Más adelante, en el libro segundo de su obra Ensayos se introduce en un tema de relevancia para la filosofía: la inconstancia de las acciones del hombre. El pensador francés sostiene que es evidente que las acciones del hombre “se contradicen de ordinario de tan extraña manera, que parece imposible que hayan salido de la misma tienda”.[7] Con esta metáfora, lo que intenta decir, es que no parece que sea la misma persona la que está haciendo la acción. Su texto es una dura crítica a las personas que no mantienen, a fuerza de voluntad, firmeza en su actuar, en sus propósitos, en sus ideales. Muchas veces se “etiqueta” a las personas de tal o cual manera, no obstante, Montaigne asegura que eso es absolutamente absurdo, ya que, decir que alguien es de tal manera solamente porque hizo tal otra acción no significa que así sea, ya que de un momento a otro puede cambiar radicalmente su forma de actuar, debido a esa inconstancia en el vivir. “En toda la antigüedad es difícil encontrar una docena de hombres que hayan seguido un plan de vida bien fijo y seguro, lo cual constituye el fin principal de la sabiduría”. [8]
En muchos otros temas más se explaya este filósofo, como en “el arte del platicar”, “la vanidad”, apologías o comentarios sobre otros pensadores, etc. La importancia de Montaigne, entre otras cosas más, radica en que pudo ofrecer a la filosofía de su época una continuidad en las reflexiones, es decir, que retoma temas de los que ya se había hablado, para enriquecer; por ejemplo, cuando habla sobre el carácter subjetivo del bien y el mal, etc. Michel de Montaigne es un personaje de importancia fundamental para la filosofía francesa del siglo XVI d.C., pues dará pie a muchas reflexiones más en siglos posteriores.
Bibliografía
Fernández, Clemente, Los filósofos del renacimiento, Ed. BAC, Madrid, 1990, pp. 290 – 327
[1] Fernández, Clemente, Los filósofos del renacimiento, Ed. BAC, Madrid, 1990, p. 293.
[2] Ibídem, p. 294.
[3] Ibíd.
[4] Ibídem, p. 297.
[5] Ibídem, p. 299.
[6] Es necesario porque no puede ser de otra manera, inevitablemente moriremos. Es parte de nuestra condición como seres humanos: vivir incluye que algún día moriremos. Por lo tanto, por qué tener miedo a lo ineludible y necesario, que es parte de nuestra naturaleza.

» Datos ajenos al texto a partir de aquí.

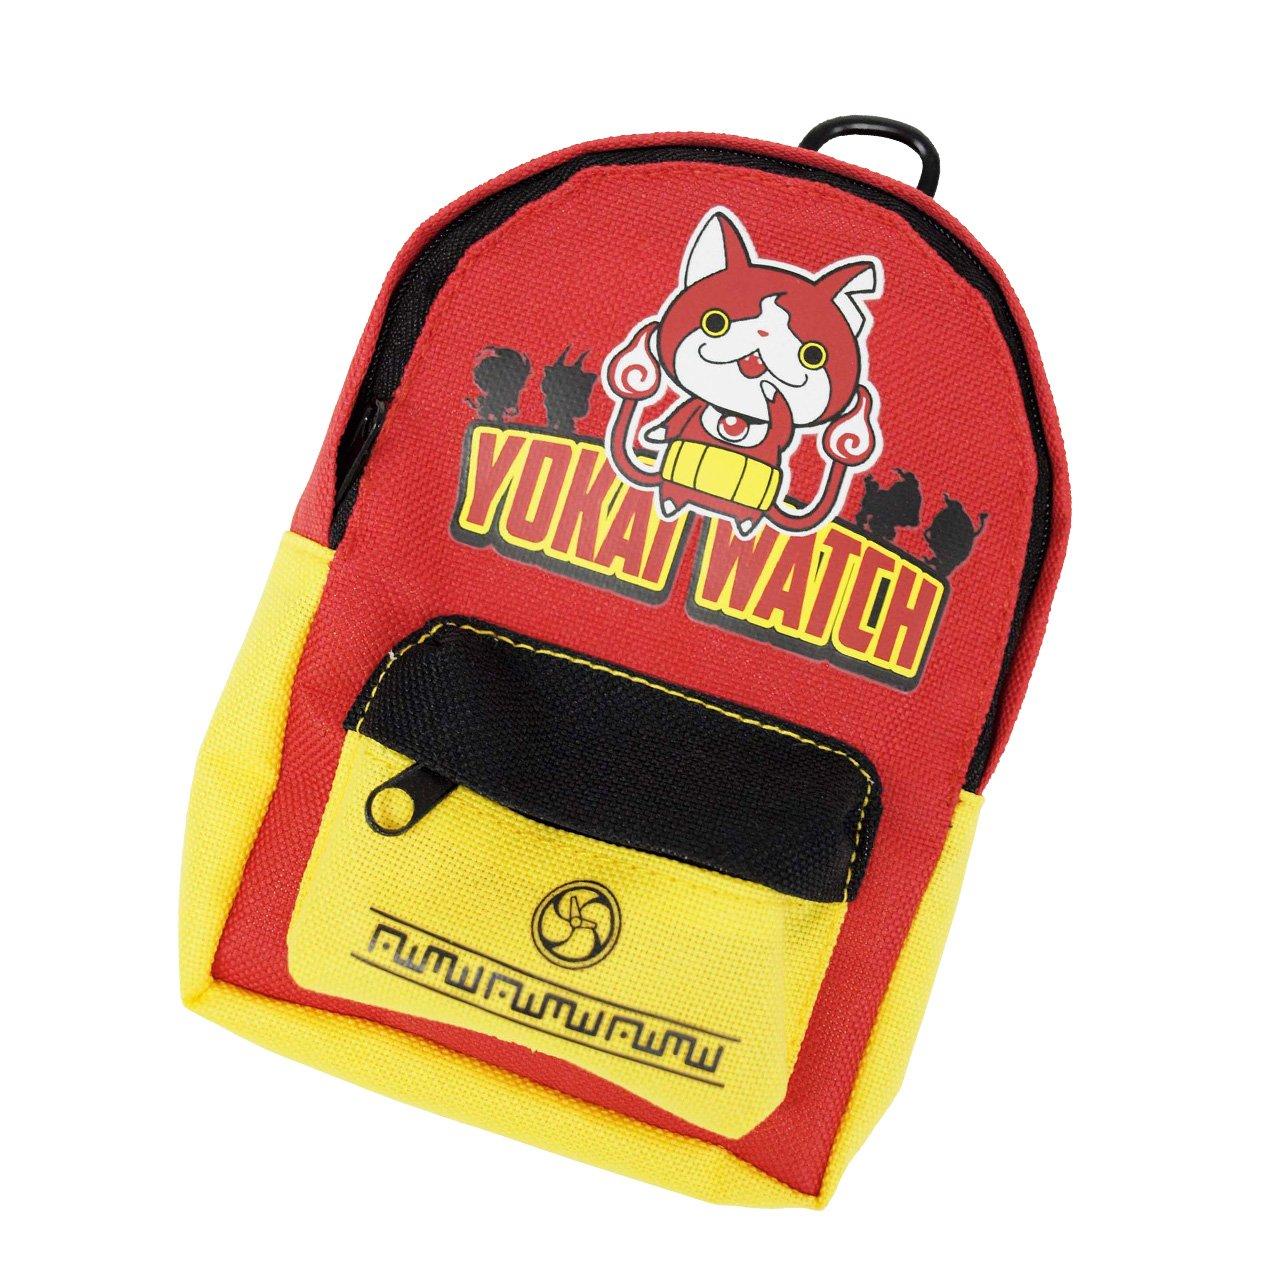 Yokai Watch carabiner-type backpack pouch [Jibanyan] by ...

[7] Fernández, Clemente, Los filósofos del renacimiento, Ed. BAC, Madrid, 1990, p. 304.
[8] Ibídem, p. 305
Me parece adecuada la propuesta que realiza Montaigne sobre el bien y el mal, de que muchos de los juicios que hacemos, los realizamos desde nuestra forma de ser, y que si son desde nuestra manera de ser los podemos cambiar, ya que son subjetivos. También es muy acertado decir que los juicios se deben de realizar hacia las acciones del sujeto, y no al sujeto mismo. Realmente pensando positivo, las cosas serán buenas para cada uno, pero creo que es ingenuo creer que todo lo existente alrededor es bueno, porque hasta de cierta manera uno se estaría engañando, los sentidos errarían al igual que las percepciones, inevitablemente hay cosas buenas al igual que malas, e infiero que reconocer algo como malo, nos da la apertura para actuar, es decir, para ponernos en acción de cómo podríamos mejorar tal o cual situación, potenciarla para que pueda ser más perfecta, ya que todo lo existente no está en acto, hay la posibilidad de elevarse. Es positivo reconocer que hay mal, pero no con una simple pasividad, sino con una corresponsabilidad que nos abra hacia una acción, hacia algo.